Quanto ao lance de estudar, infelizmente não é um hábito da média da população ir atrás de mais conhecimentos por conta. Comprar um “Guitar for Dummies” porque é um sonho de infância tocar que nem o Slash ainda é coisa de quem sabe que temos capacidade de aprender sem ir à escola. E eu apóio muito e admiro quem sabe o que quer da vida sem precisar frequentar um ensino superior. Porque eu mesma perdi um pouco de tempo pra conseguir um diploma.
Agora, quanto ao reconhecimento vs. recompensa… é f**a. Talvez seja uma questão socio-cultural desse “paíszinho”. Não quero nem pensar mais nesse assunto… snif…
Bjos!
Eita, quanta referência a mim! :)
Uma coisa no seu texto que é muito verdadeira: Quando pessoas perguntam “Você é só professor?”.
Professores não são respeitados no Brasil.
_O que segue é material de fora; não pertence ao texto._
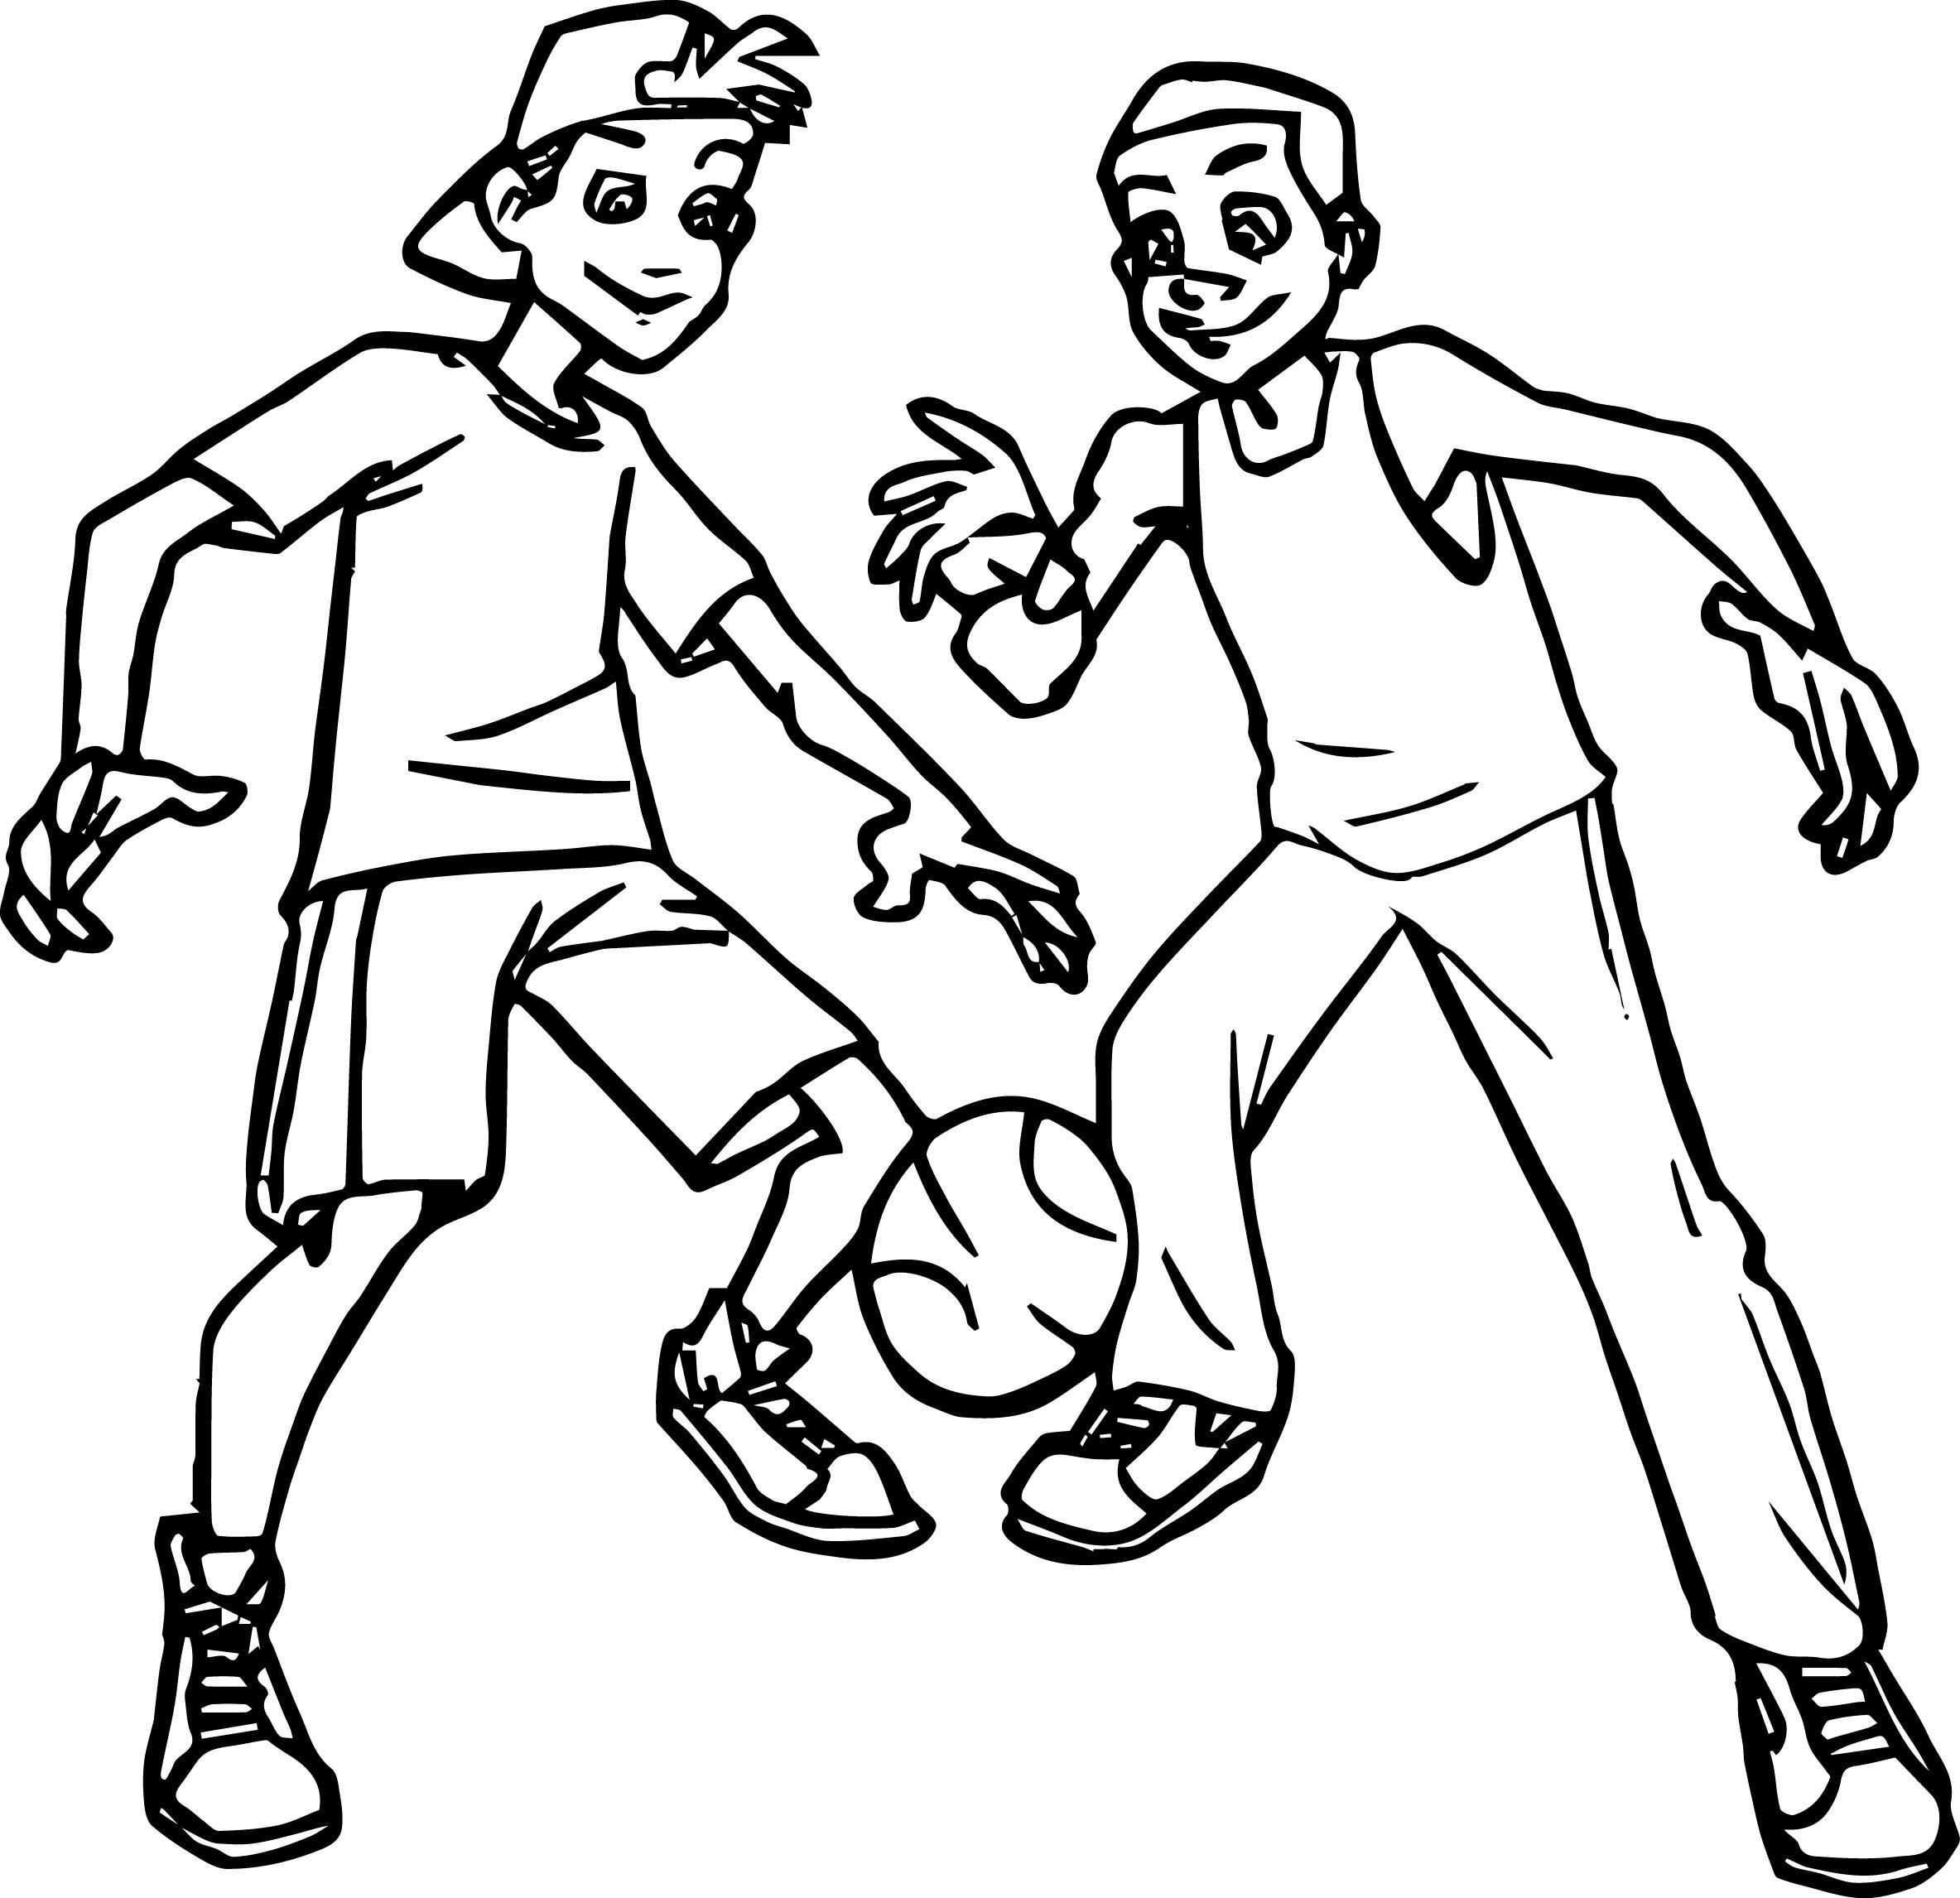 Basketball Players Drawing At Getdrawings

Nem pelo próprio Governo que os emprega, nem pelos alunos que deveriam escutá-los. Não sei exatamente os motivos que levam a esse fato, então não vou jogar aqui minha adivinhação, mas essa é uma das bizarrices do nosso país.
[off-topic mas nem tanto]: Eu sinceramente não gosto de muito dos “nossos” costumes, que na verdade não sei de quem herdamos (com certeza não foi dos índios). Uma coisa que eu não entendo é como alguém pode querer simplesmente parar de trabalhar pra viver de aposentadoria em casa assistindo novela.
Somos constantemente lembrados de que “um dia chegará a velhice”, por diversos “agentes”: pais, avós, amigos, e até pessoas estranhas que estão com seus 60 anos achando que o fim está próximo. FELIZMENTE, eu fui criado com outros valores, meus pais estão começando a construir coisas novas, ambos perto dos 60 anos, pensando no futuro do planeta, ESTUDANDO, colaborando, passando conhecimento.
Acho que todos deveríamos ser assim, afinal de contas, eu não quero SOBREVIVER, eu quero VIVER!
Depois desses comentários me sinto insossa mas, deixarei a minha modesta participação (e talvez o “desabafo”)
Eu quero viver de arte! *.*
Publicar meus livros, cantar, estudar piano em conservatório depois de fazer a minha sonhada faculdade de História da Arte! (Sim, porque AGORA depois de 4 anos que terminei o Ensino Médio finalmente tem um curso de graduação em História da Arte)…
E, então, ser mais uma desprestigiada “vagal” que vive de dar aulas e, de arte!
Eu chego lá… rs
Talvez numa vida sem reconhecimentos mas, satisfatória… Pra minh’alma pelo menos!
Que eu não me corrompa. Amém! =p
Beijo “Mazitah” rsrs
Em breve eu farei um post no meu blog com uma conversa sobre várias coisas relacionadas a arte vs profissão/estudo/etc. Fica de olho. Não é merchan do meu blog não, é que realmente a intenção dessa conversa vai ser atingir as pessoas que passaram ou estão passando por esse tipo de escolha difícil na vida.
Eu deixei de acreditar numa vida justa, pq eu trabalho de caixa.